Problem Description
Given an integer array nums where each element is 1, 2, or 3, the goal is to make nums non-decreasing by removing the minimum number of elements. A non-decreasing array in this scenario means that all 1's (if any) appear first, followed by 2's, and then 3's. You must decide which elements to remove such that the overall sequence becomes sorted in non-decreasing order, while minimizing the removals.
Key Insights
- The target non-decreasing order is: first a block of 1's, then 2's, and finally 3's.
- Instead of focusing on removals, we can focus on retaining the longest subsequence that already follows this order.
- This problem is equivalent to finding the maximum subsequence (not necessarily contiguous) that is non-decreasing.
- Use dynamic programming with three states representing the segments (for 1's, then 2's, then 3's).
- The minimum operations required equals the array length minus the length of the longest valid subsequence.
Space and Time Complexity
Time Complexity: O(n) – we iterate over the array once updating our DP states in constant time.

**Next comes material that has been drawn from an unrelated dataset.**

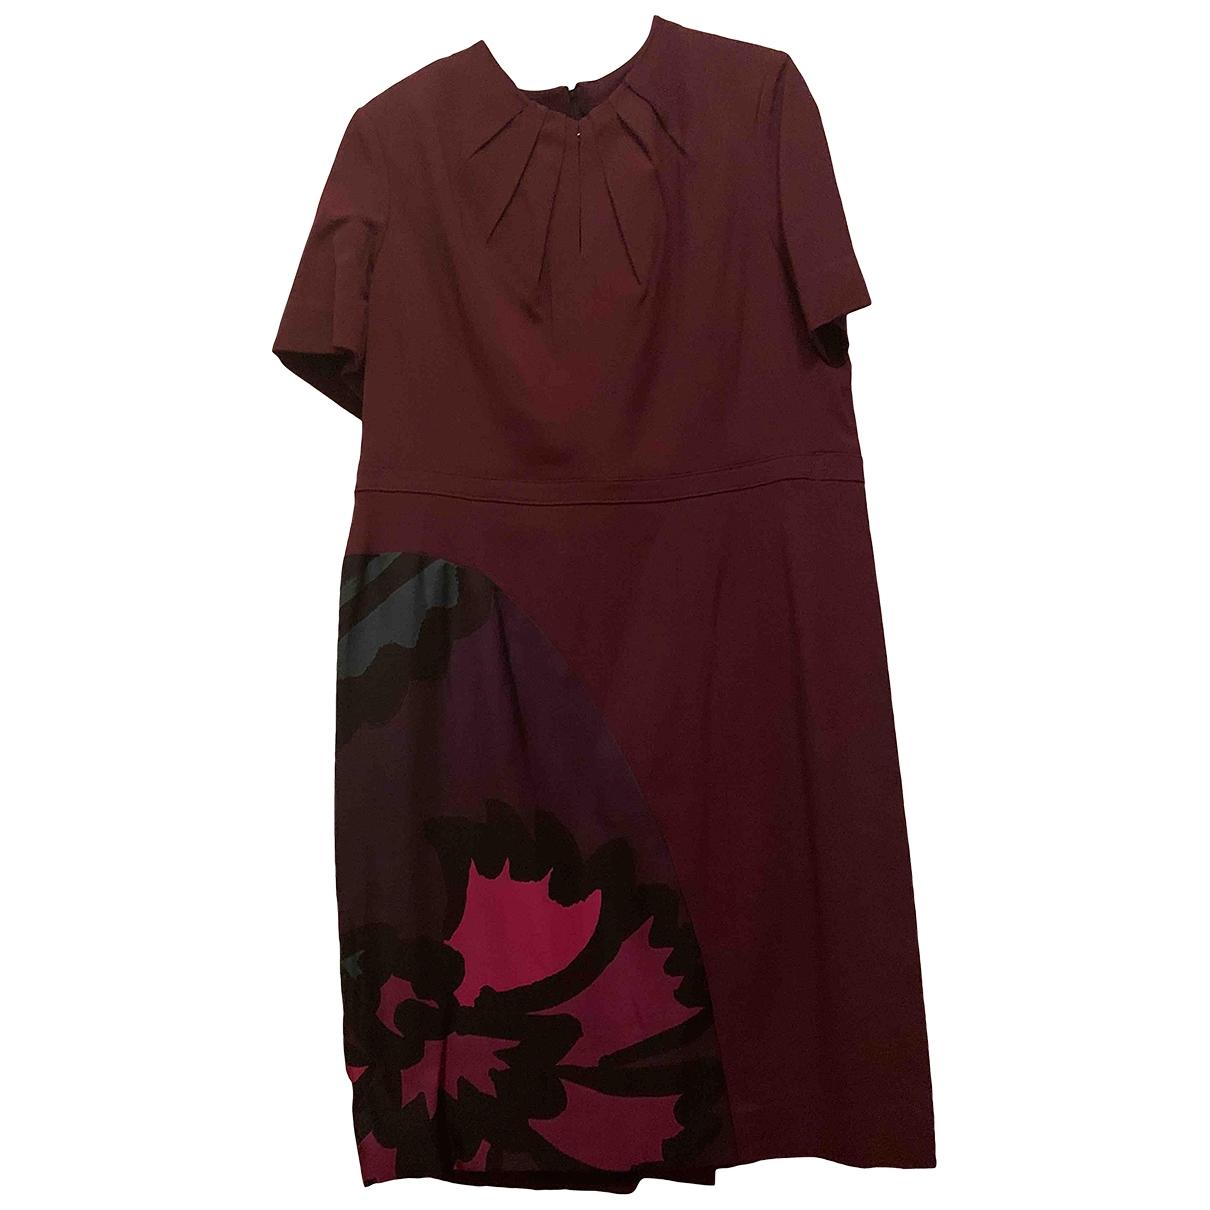 Burberry \N Kleid in  Braun Seide

Space Complexity: O(1) – we maintain only three counters for the DP approach.
Solution
We solve the problem using a dynamic programming approach with three states:
- dp1: Maximum length of a subsequence that contains only 1's.
- dp2: Maximum length of a subsequence that is non-decreasing and can include 1's followed by 2's.

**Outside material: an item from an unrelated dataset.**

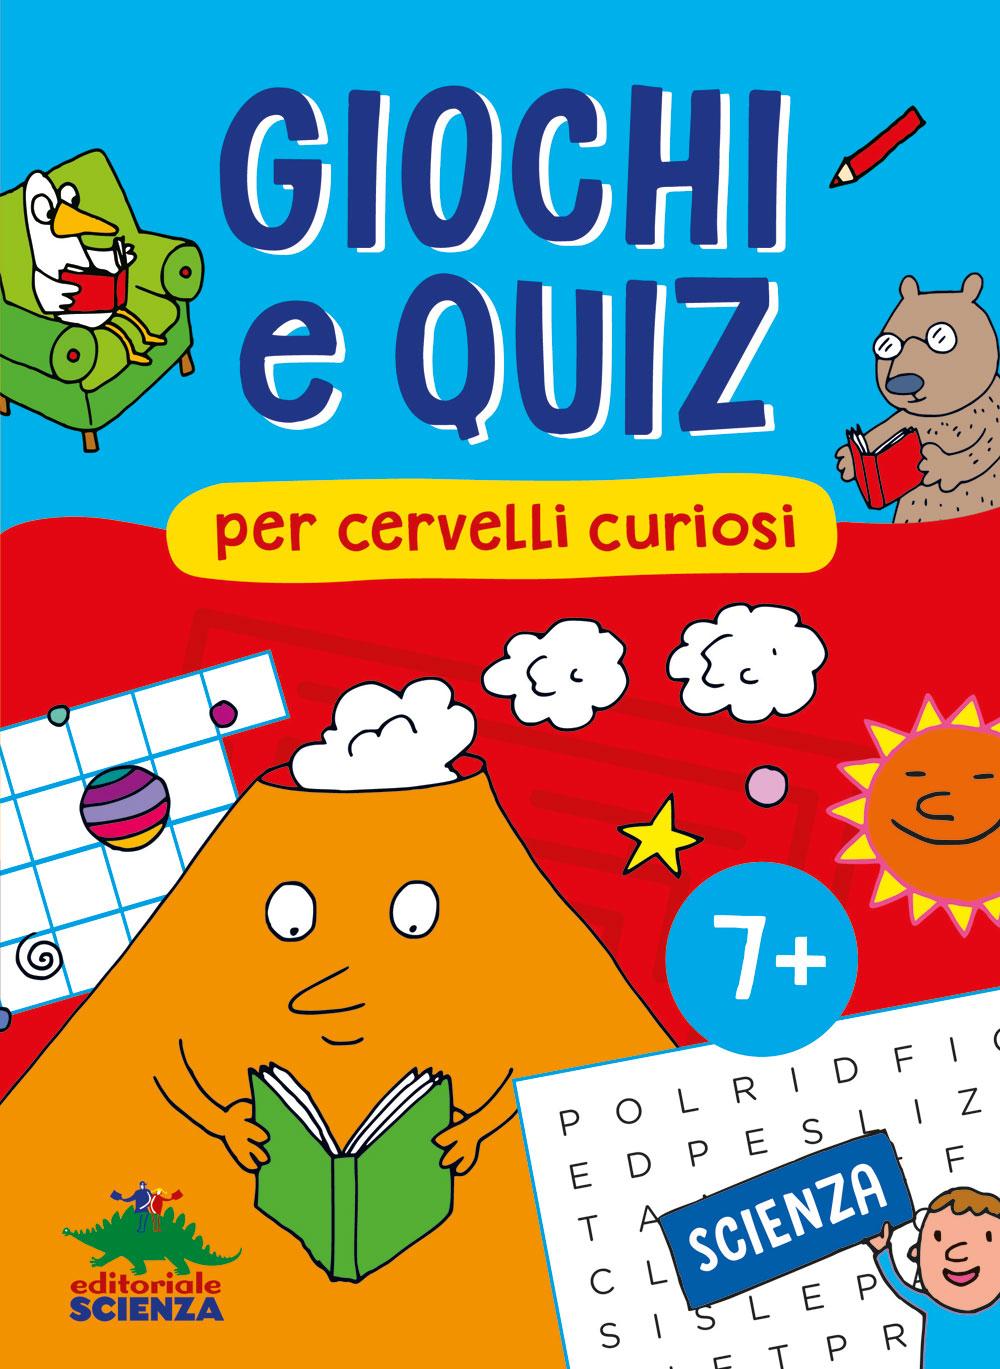 Giochi e quiz per cervelli curiosi – Scienza

- dp3: Maximum length of a subsequence that is non-decreasing and can include 1's, then 2's, then 3's.
For each element:
- If the element is 1, it can extend the dp1 subsequence.
- If the element is 2, it can either start a new segment after dp1 or extend the current dp2, so dp2 is updated to the maximum of (dp1 and dp2) plus one.
- If the element is 3, it can only be appended if a valid dp2 or dp3 sequence exists, hence dp3 is updated to max(dp2, dp3) plus one.
Finally, the maximum valid subsequence length is max(dp1, dp2, dp3) and the answer is the total number of elements minus this value.